==== THE DATA

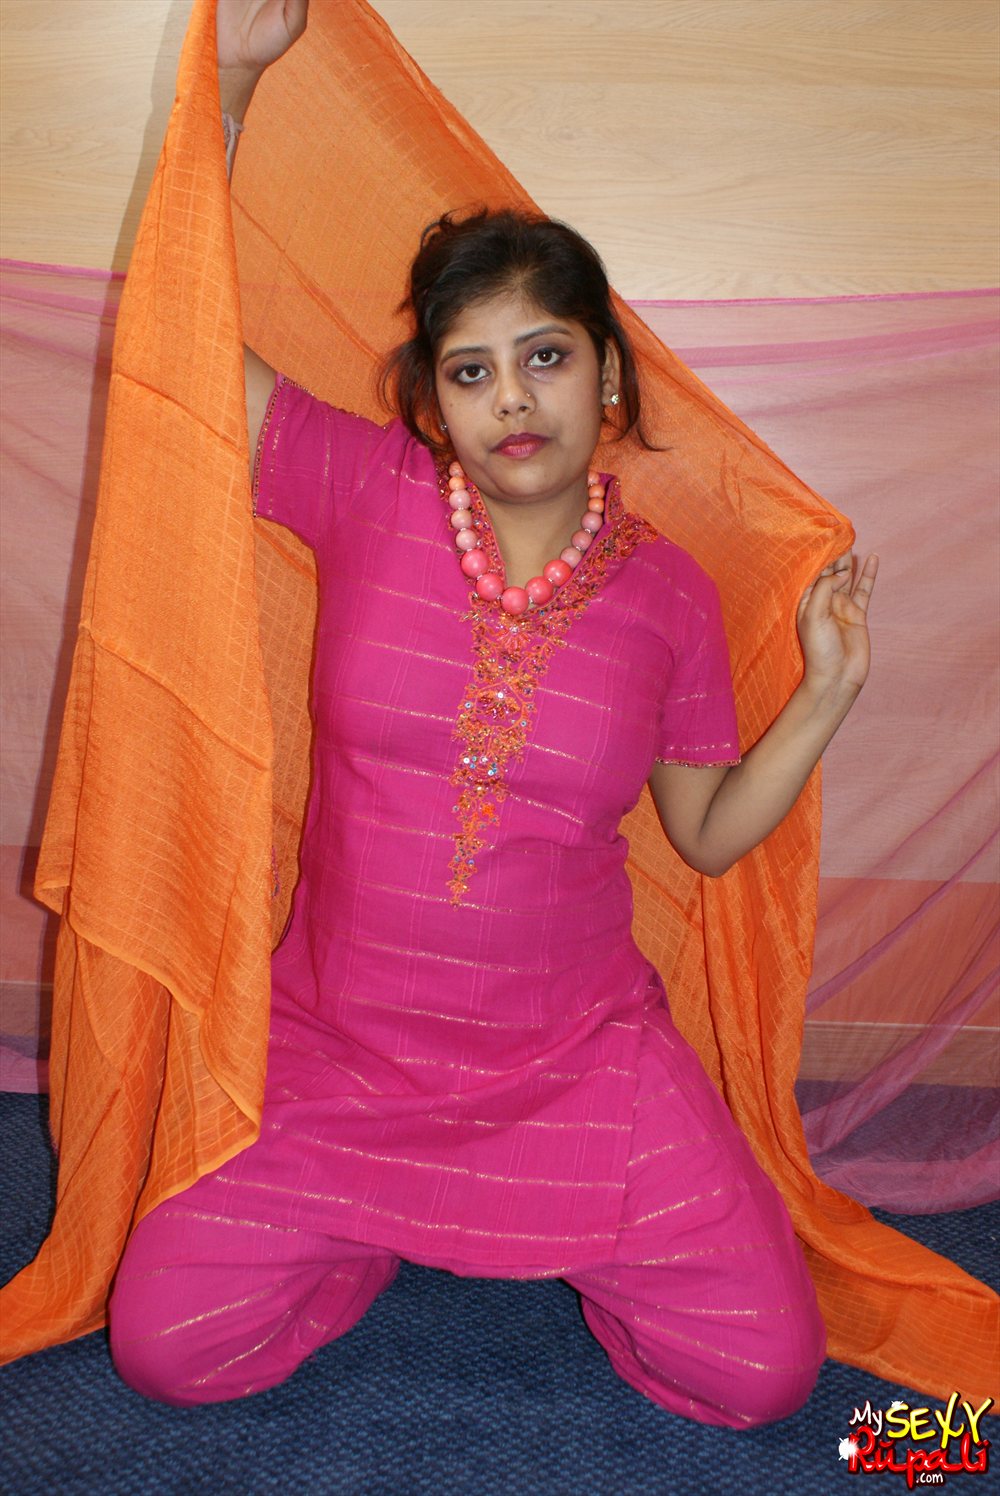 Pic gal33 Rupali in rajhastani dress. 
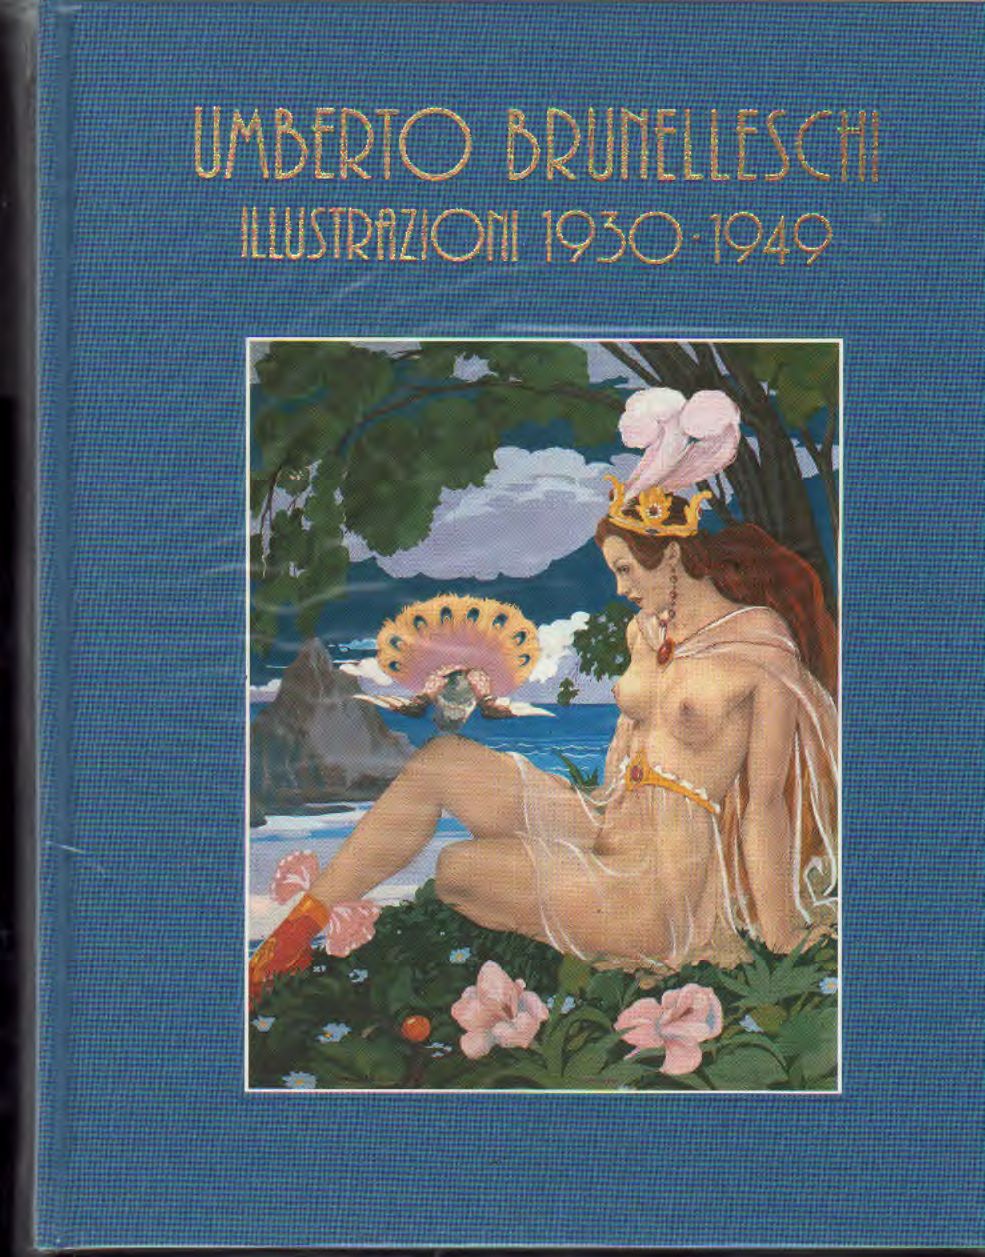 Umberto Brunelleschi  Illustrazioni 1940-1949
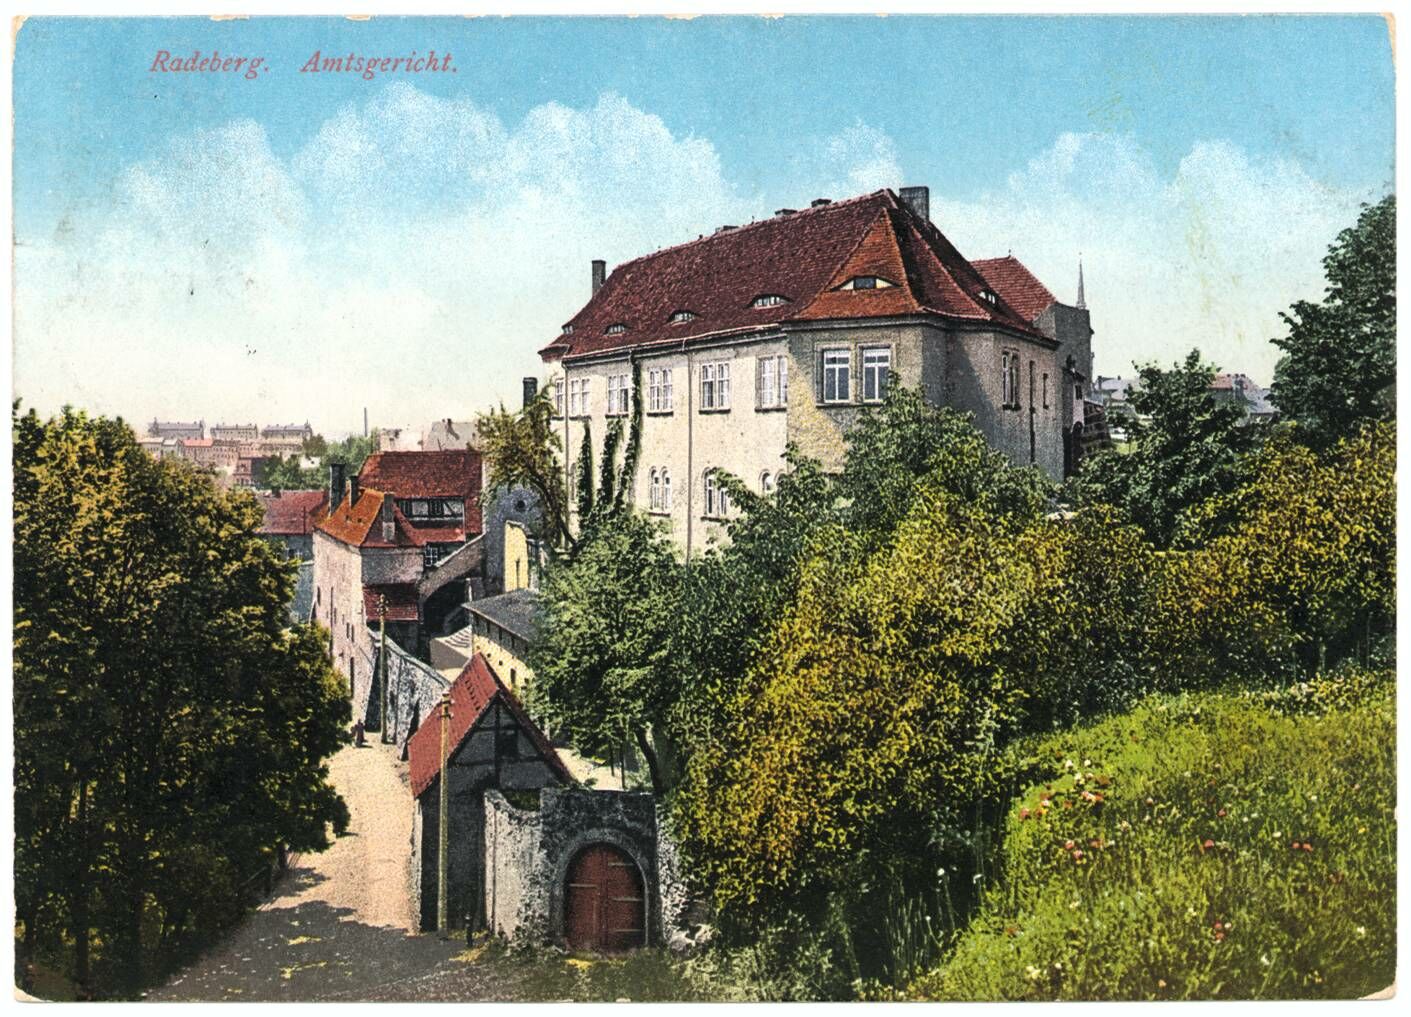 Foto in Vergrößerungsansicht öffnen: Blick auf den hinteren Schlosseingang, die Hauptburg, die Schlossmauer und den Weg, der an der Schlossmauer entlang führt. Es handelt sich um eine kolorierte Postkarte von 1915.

========

● **WHAT THE EXERCISE ASKS**: Your answer should be every line above, written out exactly, with no pictures.

● **ANSWER SECTION**:
 Pic gal33 Rupali in rajhastani dress. 
 Umberto Brunelleschi  Illustrazioni 1940-1949
 Foto in Vergrößerungsansicht öffnen: Blick auf den hinteren Schlosseingang, die Hauptburg, die Schlossmauer und den Weg, der an der Schlossmauer entlang führt. Es handelt sich um eine kolorierte Postkarte von 1915.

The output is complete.